= Albuquerque Northwest Loop =

The Albuquerque Northwest Loop is a projected highway in New Mexico's Bernalillo and Sandoval counties. The road, which would be built in a rural area, is projected to connect U.S. Route 550 (US 550) near Rio Rancho to Interstate 40 (I-40) near the Rio Puerco (approximately 15 mi from central Albuquerque). It is mentioned in a transportation plan geared towards the year 2030 produced by the Mid-Region Council of Governments and would likely be funded by mostly private sources. The projected cost of the first phase of construction is $52,890,000, later stages are projected to amount to approximately $70,000,000. The two-lane highway would initially have a gravel surface; the 300 ft right-of-way could accommodate the expansion of the road into a freeway if needed due to future growth.

The announcement of a federal environmental assessment concerning the 39 mi corridor reignited old controversies over the planned road. Some proponents of the road argue that it will ease traffic congestion in metropolitan Albuquerque and facilitate the economic development of the region, creating many jobs.
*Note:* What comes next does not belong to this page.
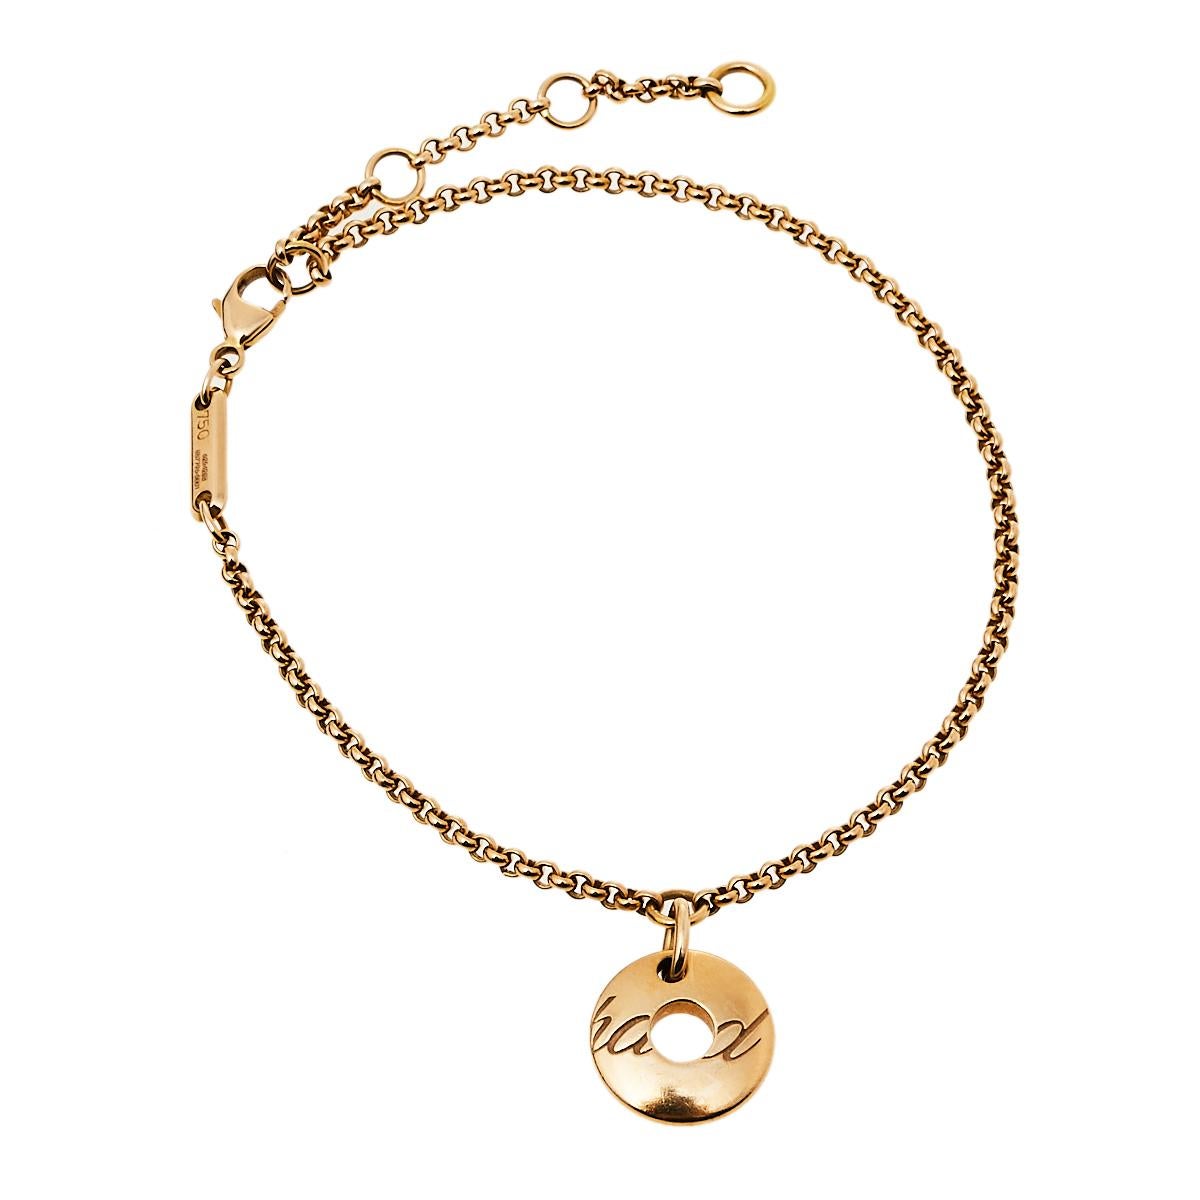 Artfully made, this flawless bracelet by Chopard can be your next prized possession. True to Chopard's spirit of perfection, this piece was sculpted using 18k rose gold. The bracelet features a circular charm that has signature engravings and three

Some opponents of the road argue that it would induce sprawl and that the inclusion of public money to develop the road would be an unfair subsidy to the developers who own the land around it. Some planners point out that traffic projections show that there is no need for the 300 ft right-of-way, which was given to Sandoval and Bernalillo counties in the early 1990s by the landowners, while backers claim that the road will nonetheless have to be built to serve the eventual development that is planned for the area.